** Provided entries follows **
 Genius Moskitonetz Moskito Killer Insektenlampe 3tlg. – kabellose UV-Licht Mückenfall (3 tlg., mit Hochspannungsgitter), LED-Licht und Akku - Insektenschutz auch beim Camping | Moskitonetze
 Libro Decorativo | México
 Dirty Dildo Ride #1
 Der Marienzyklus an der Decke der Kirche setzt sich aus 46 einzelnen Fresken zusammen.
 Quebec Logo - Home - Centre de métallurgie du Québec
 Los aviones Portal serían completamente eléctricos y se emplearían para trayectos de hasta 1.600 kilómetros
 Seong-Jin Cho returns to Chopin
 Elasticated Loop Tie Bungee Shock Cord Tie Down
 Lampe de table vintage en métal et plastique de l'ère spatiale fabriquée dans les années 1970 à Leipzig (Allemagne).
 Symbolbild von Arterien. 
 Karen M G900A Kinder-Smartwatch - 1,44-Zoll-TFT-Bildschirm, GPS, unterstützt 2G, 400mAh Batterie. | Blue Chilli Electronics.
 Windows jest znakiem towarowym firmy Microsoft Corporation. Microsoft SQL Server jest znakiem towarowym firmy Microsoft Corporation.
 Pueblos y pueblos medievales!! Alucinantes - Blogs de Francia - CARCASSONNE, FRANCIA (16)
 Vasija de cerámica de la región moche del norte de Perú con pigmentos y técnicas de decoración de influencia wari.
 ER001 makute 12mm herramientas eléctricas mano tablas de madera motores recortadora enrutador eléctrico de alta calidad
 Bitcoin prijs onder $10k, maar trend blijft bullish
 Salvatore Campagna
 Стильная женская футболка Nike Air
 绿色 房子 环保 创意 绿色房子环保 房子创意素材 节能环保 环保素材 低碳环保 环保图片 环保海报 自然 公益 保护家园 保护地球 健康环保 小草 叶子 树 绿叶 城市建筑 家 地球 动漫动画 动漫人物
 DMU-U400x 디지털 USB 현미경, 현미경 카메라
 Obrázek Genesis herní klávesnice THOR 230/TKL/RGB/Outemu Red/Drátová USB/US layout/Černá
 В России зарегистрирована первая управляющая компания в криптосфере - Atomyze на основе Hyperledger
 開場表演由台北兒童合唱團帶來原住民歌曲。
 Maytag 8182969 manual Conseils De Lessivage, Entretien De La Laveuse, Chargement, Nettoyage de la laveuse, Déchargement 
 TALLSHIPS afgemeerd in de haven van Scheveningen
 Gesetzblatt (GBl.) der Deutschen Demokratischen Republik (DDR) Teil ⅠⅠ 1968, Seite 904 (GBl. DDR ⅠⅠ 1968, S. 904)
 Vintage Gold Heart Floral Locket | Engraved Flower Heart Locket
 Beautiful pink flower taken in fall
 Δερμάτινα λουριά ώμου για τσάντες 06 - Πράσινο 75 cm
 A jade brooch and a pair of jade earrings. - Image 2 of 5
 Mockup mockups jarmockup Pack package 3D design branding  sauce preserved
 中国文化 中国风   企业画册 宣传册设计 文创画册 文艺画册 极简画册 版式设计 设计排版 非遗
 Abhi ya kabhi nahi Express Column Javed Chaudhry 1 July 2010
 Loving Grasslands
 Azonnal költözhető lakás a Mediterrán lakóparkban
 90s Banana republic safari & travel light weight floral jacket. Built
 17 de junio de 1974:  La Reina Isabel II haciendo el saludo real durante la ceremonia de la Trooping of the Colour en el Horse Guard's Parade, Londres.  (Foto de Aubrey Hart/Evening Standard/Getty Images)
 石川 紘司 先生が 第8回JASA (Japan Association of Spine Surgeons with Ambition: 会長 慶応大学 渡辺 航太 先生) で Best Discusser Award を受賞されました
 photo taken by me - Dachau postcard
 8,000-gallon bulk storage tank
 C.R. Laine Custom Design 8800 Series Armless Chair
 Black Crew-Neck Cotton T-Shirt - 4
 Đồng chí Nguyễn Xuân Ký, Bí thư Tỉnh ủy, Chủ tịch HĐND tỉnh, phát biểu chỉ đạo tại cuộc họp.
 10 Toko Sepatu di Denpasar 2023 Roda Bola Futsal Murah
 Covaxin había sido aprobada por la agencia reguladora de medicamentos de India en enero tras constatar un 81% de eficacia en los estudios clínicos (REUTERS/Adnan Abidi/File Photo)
** End of Provided entries **
**Aim of the task**
When you transcribe the records above, keep every line exactly the same.

**Output below**
 Genius Moskitonetz Moskito Killer Insektenlampe 3tlg. – kabellose UV-Licht Mückenfall (3 tlg., mit Hochspannungsgitter), LED-Licht und Akku - Insektenschutz auch beim Camping | Moskitonetze
 Libro Decorativo | México
 Dirty Dildo Ride #1
 Der Marienzyklus an der Decke der Kirche setzt sich aus 46 einzelnen Fresken zusammen.
 Quebec Logo - Home - Centre de métallurgie du Québec
 Los aviones Portal serían completamente eléctricos y se emplearían para trayectos de hasta 1.600 kilómetros
 Seong-Jin Cho returns to Chopin
 Elasticated Loop Tie Bungee Shock Cord Tie Down
 Lampe de table vintage en métal et plastique de l'ère spatiale fabriquée dans les années 1970 à Leipzig (Allemagne).
 Symbolbild von Arterien. 
 Karen M G900A Kinder-Smartwatch - 1,44-Zoll-TFT-Bildschirm, GPS, unterstützt 2G, 400mAh Batterie. | Blue Chilli Electronics.
 Windows jest znakiem towarowym firmy Microsoft Corporation. Microsoft SQL Server jest znakiem towarowym firmy Microsoft Corporation.
 Pueblos y pueblos medievales!! Alucinantes - Blogs de Francia - CARCASSONNE, FRANCIA (16)
 Vasija de cerámica de la región moche del norte de Perú con pigmentos y técnicas de decoración de influencia wari.
 ER001 makute 12mm herramientas eléctricas mano tablas de madera motores recortadora enrutador eléctrico de alta calidad
 Bitcoin prijs onder $10k, maar trend blijft bullish
 Salvatore Campagna
 Стильная женская футболка Nike Air
 绿色 房子 环保 创意 绿色房子环保 房子创意素材 节能环保 环保素材 低碳环保 环保图片 环保海报 自然 公益 保护家园 保护地球 健康环保 小草 叶子 树 绿叶 城市建筑 家 地球 动漫动画 动漫人物
 DMU-U400x 디지털 USB 현미경, 현미경 카메라
 Obrázek Genesis herní klávesnice THOR 230/TKL/RGB/Outemu Red/Drátová USB/US layout/Černá
 В России зарегистрирована первая управляющая компания в криптосфере - Atomyze на основе Hyperledger
 開場表演由台北兒童合唱團帶來原住民歌曲。
 Maytag 8182969 manual Conseils De Lessivage, Entretien De La Laveuse, Chargement, Nettoyage de la laveuse, Déchargement 
 TALLSHIPS afgemeerd in de haven van Scheveningen
 Gesetzblatt (GBl.) der Deutschen Demokratischen Republik (DDR) Teil ⅠⅠ 1968, Seite 904 (GBl. DDR ⅠⅠ 1968, S. 904)
 Vintage Gold Heart Floral Locket | Engraved Flower Heart Locket
 Beautiful pink flower taken in fall
 Δερμάτινα λουριά ώμου για τσάντες 06 - Πράσινο 75 cm
 A jade brooch and a pair of jade earrings. - Image 2 of 5
 Mockup mockups jarmockup Pack package 3D design branding  sauce preserved
 中国文化 中国风   企业画册 宣传册设计 文创画册 文艺画册 极简画册 版式设计 设计排版 非遗
 Abhi ya kabhi nahi Express Column Javed Chaudhry 1 July 2010
 Loving Grasslands
 Azonnal költözhető lakás a Mediterrán lakóparkban
 90s Banana republic safari & travel light weight floral jacket. Built
 17 de junio de 1974:  La Reina Isabel II haciendo el saludo real durante la ceremonia de la Trooping of the Colour en el Horse Guard's Parade, Londres.  (Foto de Aubrey Hart/Evening Standard/Getty Images)
 石川 紘司 先生が 第8回JASA (Japan Association of Spine Surgeons with Ambition: 会長 慶応大学 渡辺 航太 先生) で Best Discusser Award を受賞されました
 photo taken by me - Dachau postcard
 8,000-gallon bulk storage tank
 C.R. Laine Custom Design 8800 Series Armless Chair
 Black Crew-Neck Cotton T-Shirt - 4
 Đồng chí Nguyễn Xuân Ký, Bí thư Tỉnh ủy, Chủ tịch HĐND tỉnh, phát biểu chỉ đạo tại cuộc họp.
 10 Toko Sepatu di Denpasar 2023 Roda Bola Futsal Murah
 Covaxin había sido aprobada por la agencia reguladora de medicamentos de India en enero tras constatar un 81% de eficacia en los estudios clínicos (REUTERS/Adnan Abidi/File Photo)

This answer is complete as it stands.